§ **Recorded information**:
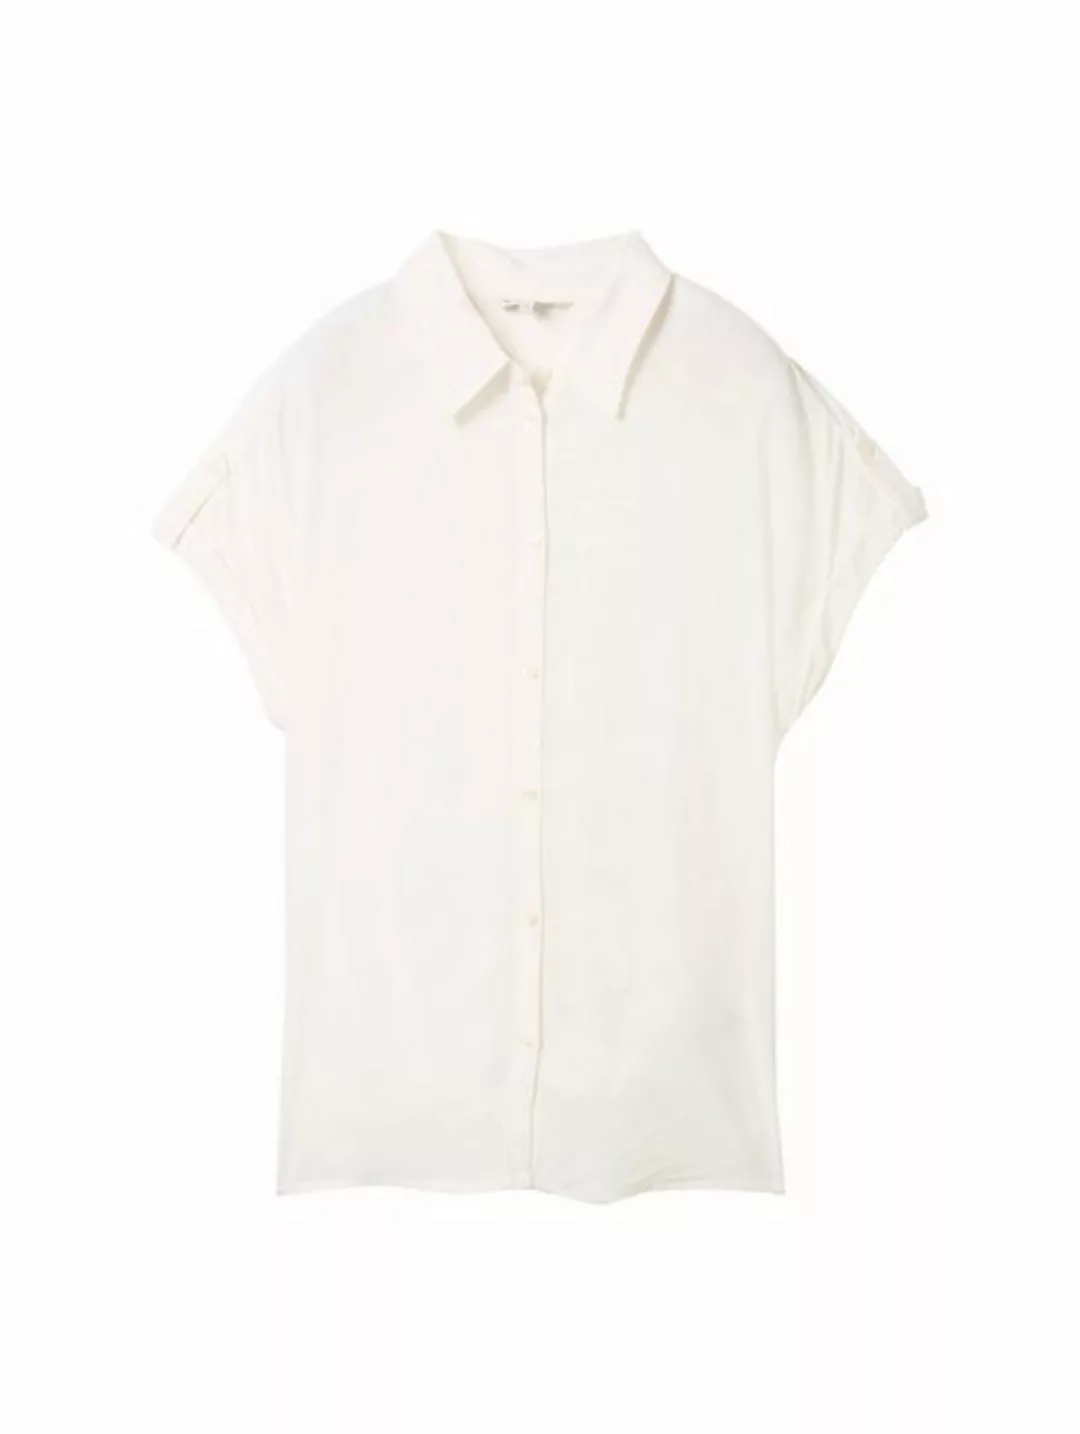 TOM TAILOR Blusenshirt shortsleeve blouse shirt günstig online kaufen
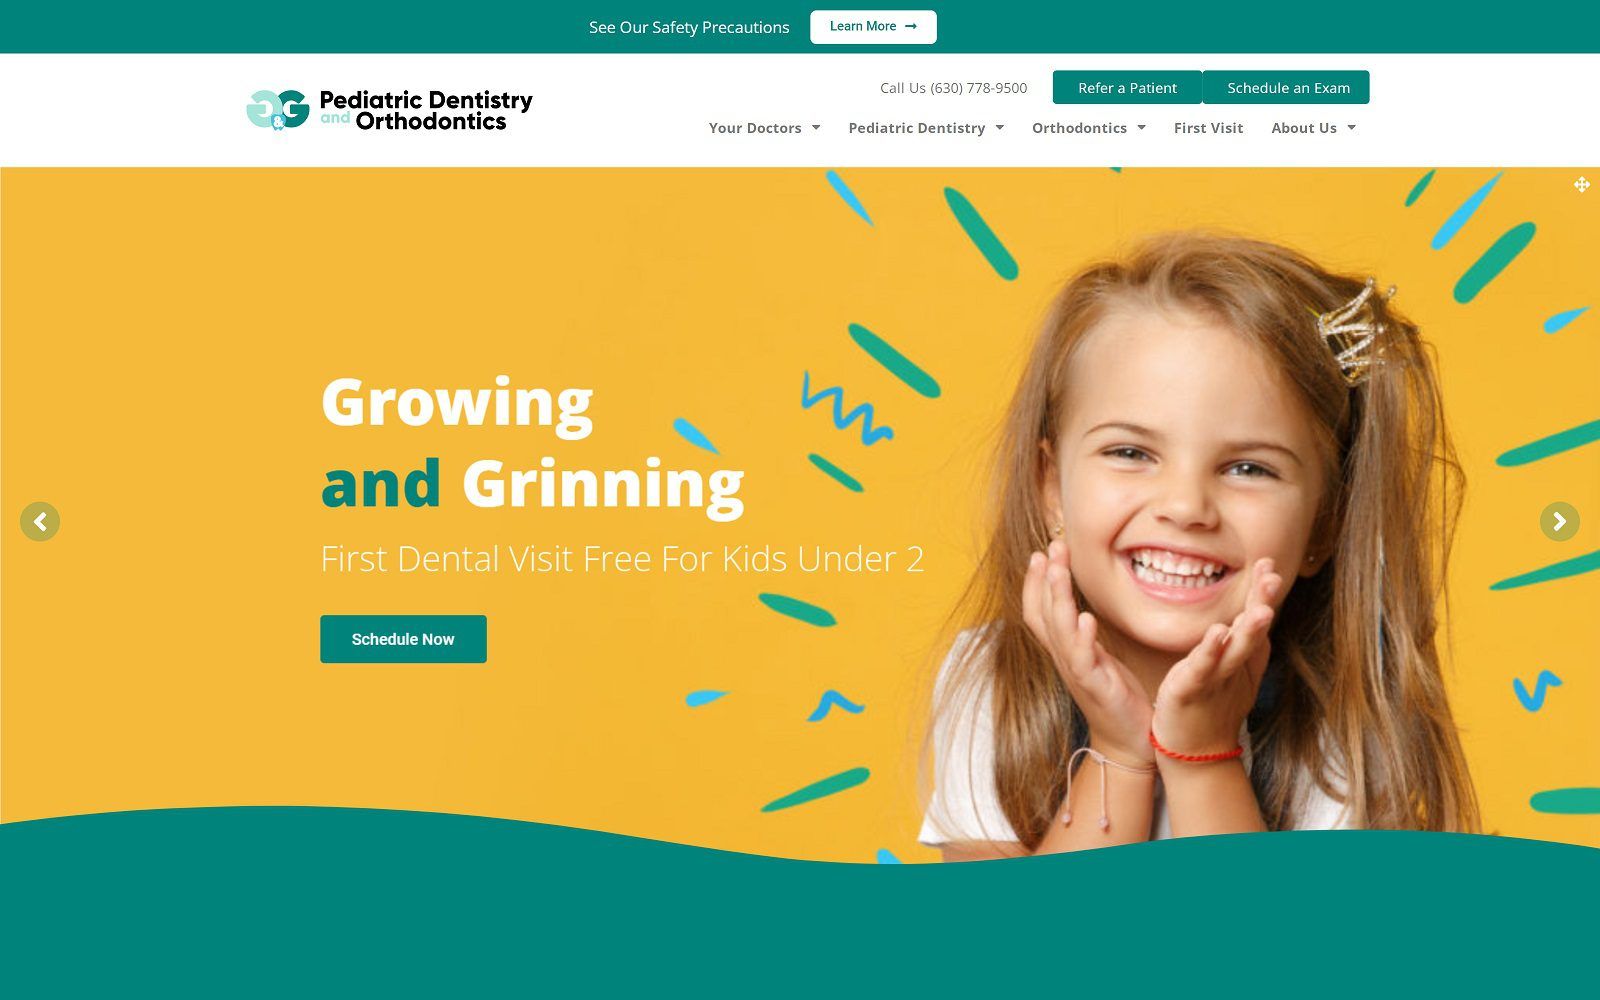 The screenshot g&g pediatric dentistry and orthodontics website
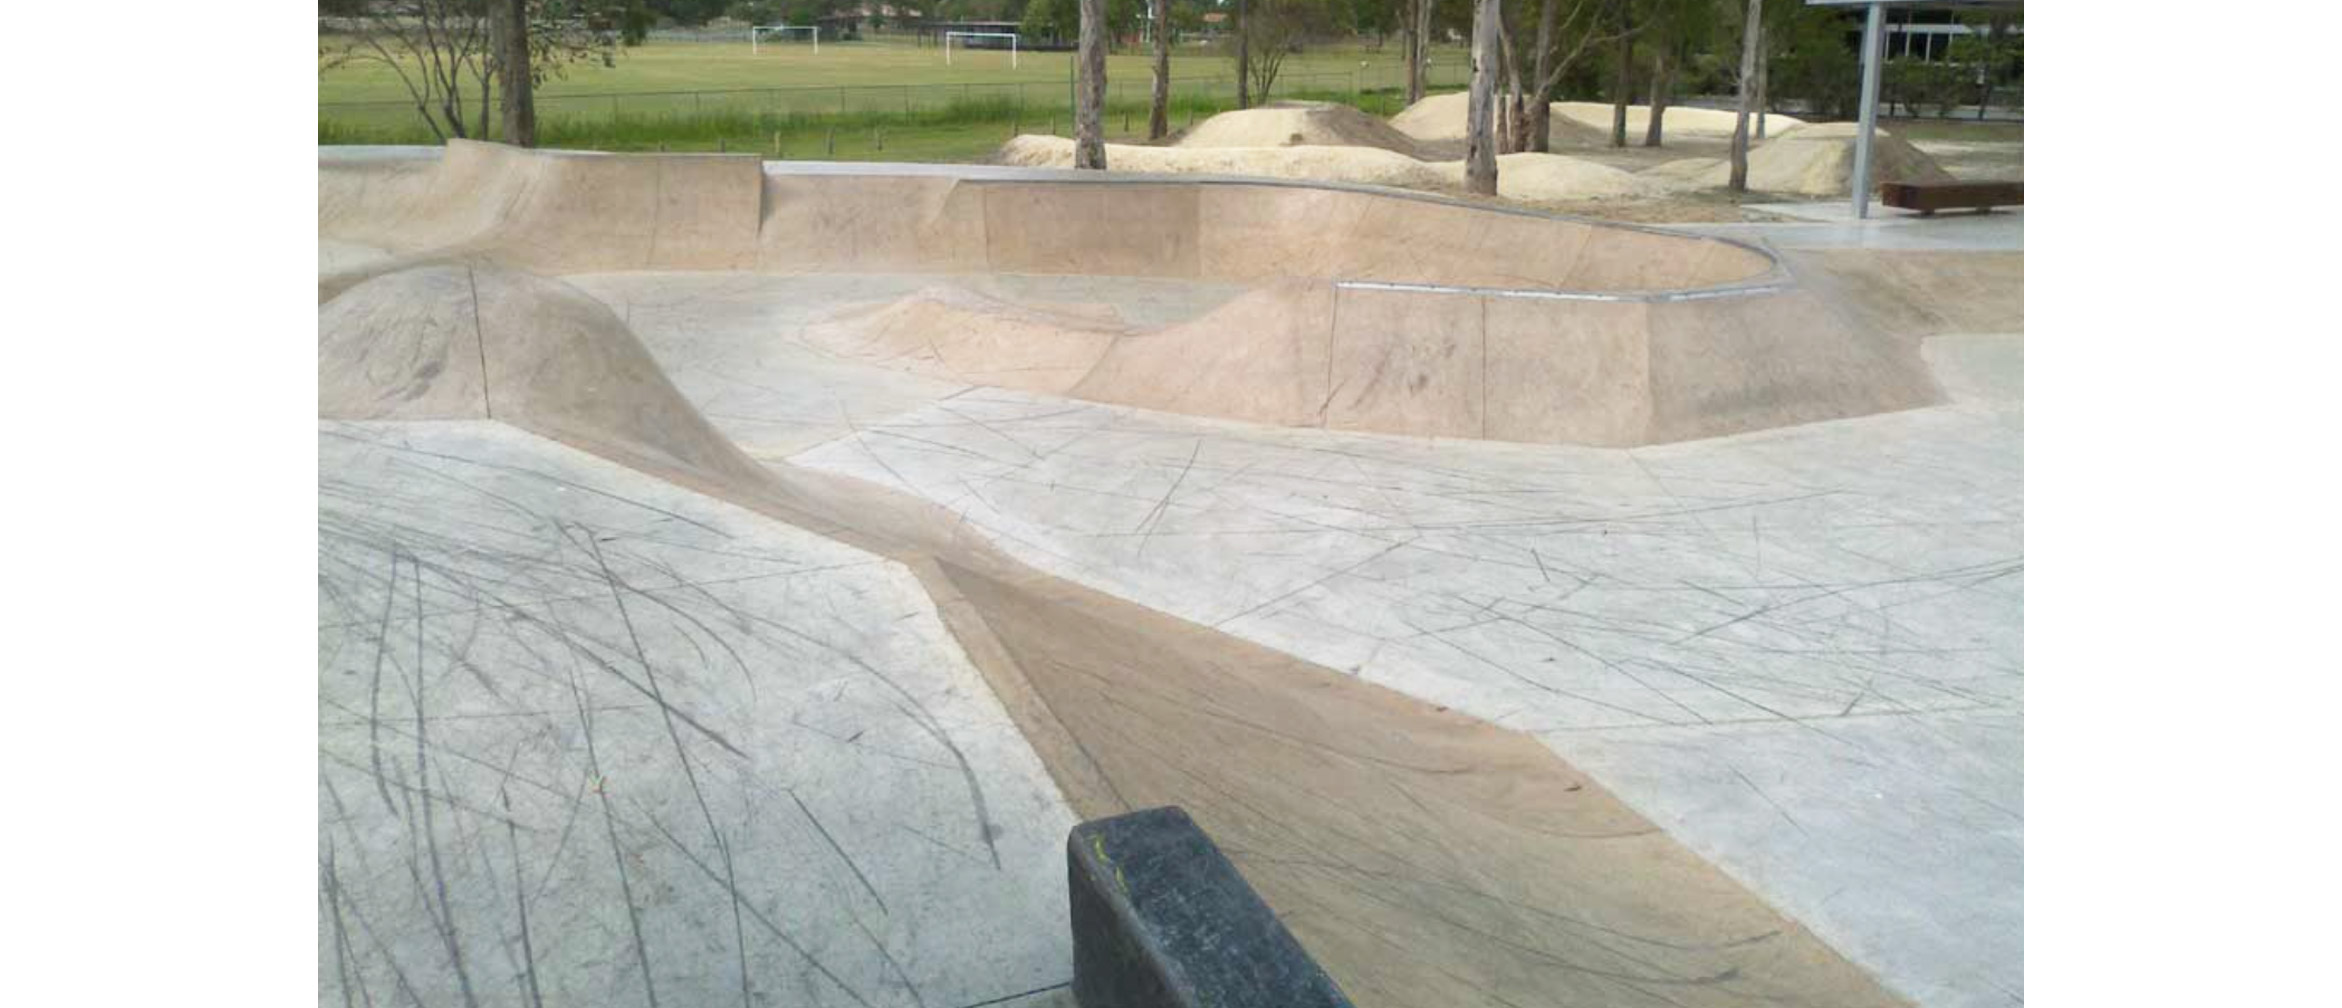 Ormeau skate park bowl section, Concrete Skateparks build

§ **Exercise aim**: Repeat the data exactly in full, omitting its pictures.

§ **Final answer**:
 TOM TAILOR Blusenshirt shortsleeve blouse shirt günstig online kaufen
 The screenshot g&g pediatric dentistry and orthodontics website
 Ormeau skate park bowl section, Concrete Skateparks build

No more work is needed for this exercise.